The Amnesty reading was very moving as, thanks to the charity ‘The Medical Foundation for the Care and Resettlement of the Victims of Torture’, the authors of the texts were present and introduced themselves to the audience before we read (‘we’ being Moris Fahri, Otto de Kat, Ron Butlin, and myself). One young man, from Iran, struck us all as exceptionally gifted, and I’m quite sure we’ll hear more of him. His pen name is ‘Dusk’.
The event with Andrea worked very well as we seemed to complement each other perfectly, with respect to both our work and our style of performance. The literary agent Jenny Brown was excellent at introducing us and then chairing the Q and A session.
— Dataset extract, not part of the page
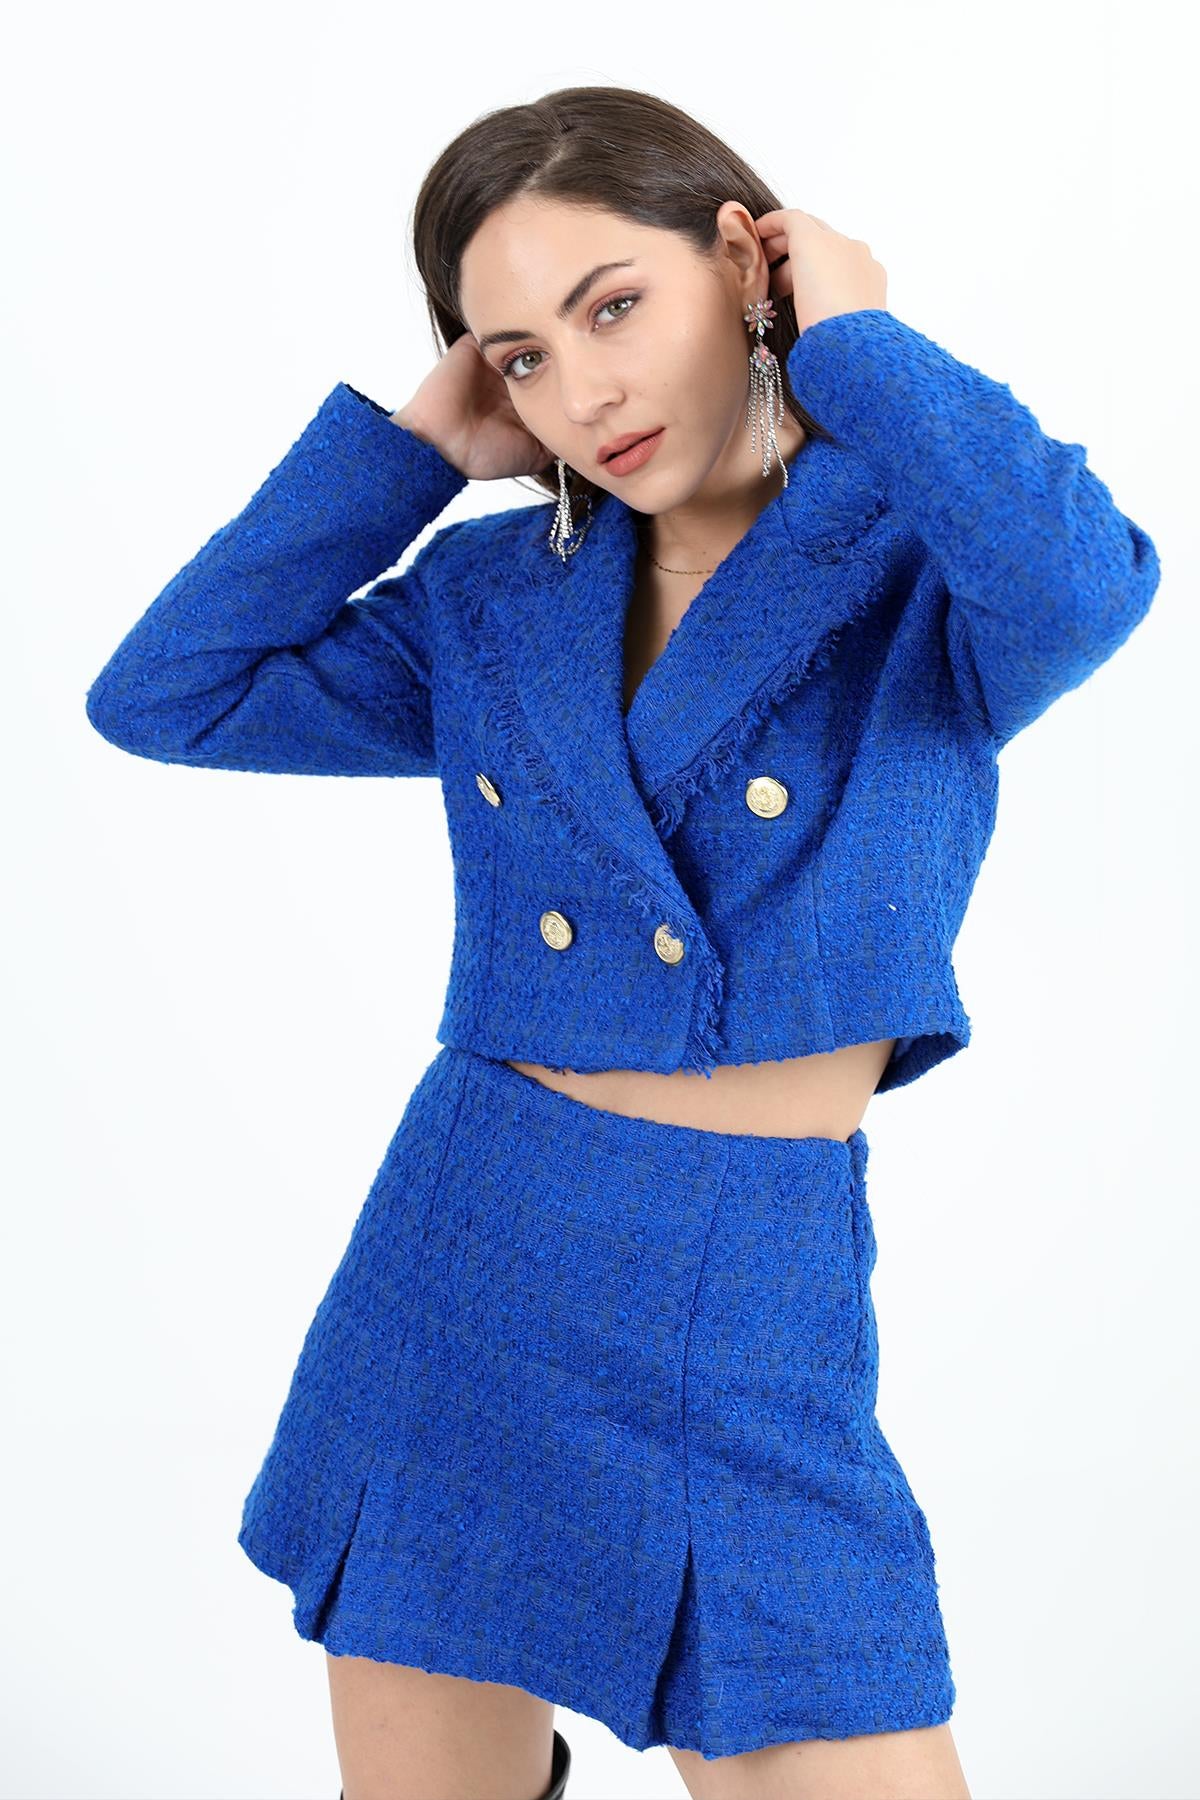 Women's High Waist Side Zipper Chanel Fabric Short Skirt - Sax Blue - STREETMODE™

So, only happy memories!
LS: How did you choose which extract to read?
RC: I chose a story that was listener-friendly – with dialogue, vivid descriptions and action – fun to perform and which I hadn’t read at a venue in Edinburgh before.
LS: Book-signing – love it or hate it?
RC: I enjoy interacting with my readers, and find it a rather humbling experience. I always make sure to have a quick word with them rather than just sign their books like a machine.
LS: What did you do after the book-signing?
RC: My husband and a very good Swiss friend of mine went back to the authors’ yurt for a chat with Andrea and Jenny, and a celebratory drink with some other writer friends (even though it wasn’t quite lunchtime yet…).
LS: How do you feel about book festivals in general? The EIBF in particular?
RC: I love book festivals, both as a performer and as a reader. They provide a wonderful opportunity for authors to meet their audience as well as fellow authors. Having lived in Scotland for the past 16 years, I’ve got to know many of the writers based here, but the EIBF (with its magic authors’ yurt) has allowed me to make the acquaintance of authors from (much) further afield, which has been really exciting. This time round, we made friends with a writer from New York, George Dawes Greene, who set up ‘The Moth’. We ended up going out for dinner with him and some friends three evenings in a week.
LS: Did you attend any other book festival events?
RC: Yes, quite a few. My husband’s events, of course, but also several others. So far Margaret Drabble, Ian Rankin, A L Kennedy, Alasdair Gray, (The European premiere of) The Moth, and the James Tait Black Memorial Prizes (the latter was held during a power failure, which meant that the chairman, judges and winners had to speak/read by torchlight, without mikes – quite an experience!). I enjoyed them all and hope to have learned from each of them in a different way. And I’m looking forward to hearing Dubravka Ugresic, Frank Gardner and Margaret Atwood over the coming days.
LS: Thanks, Regi. Would you mind telling me (in comments) the title of the story you read? I’ll be reading your anthology during my Short Story September and I’d like to relive the atmosphere in the Spiegeltent at Charlotte Square.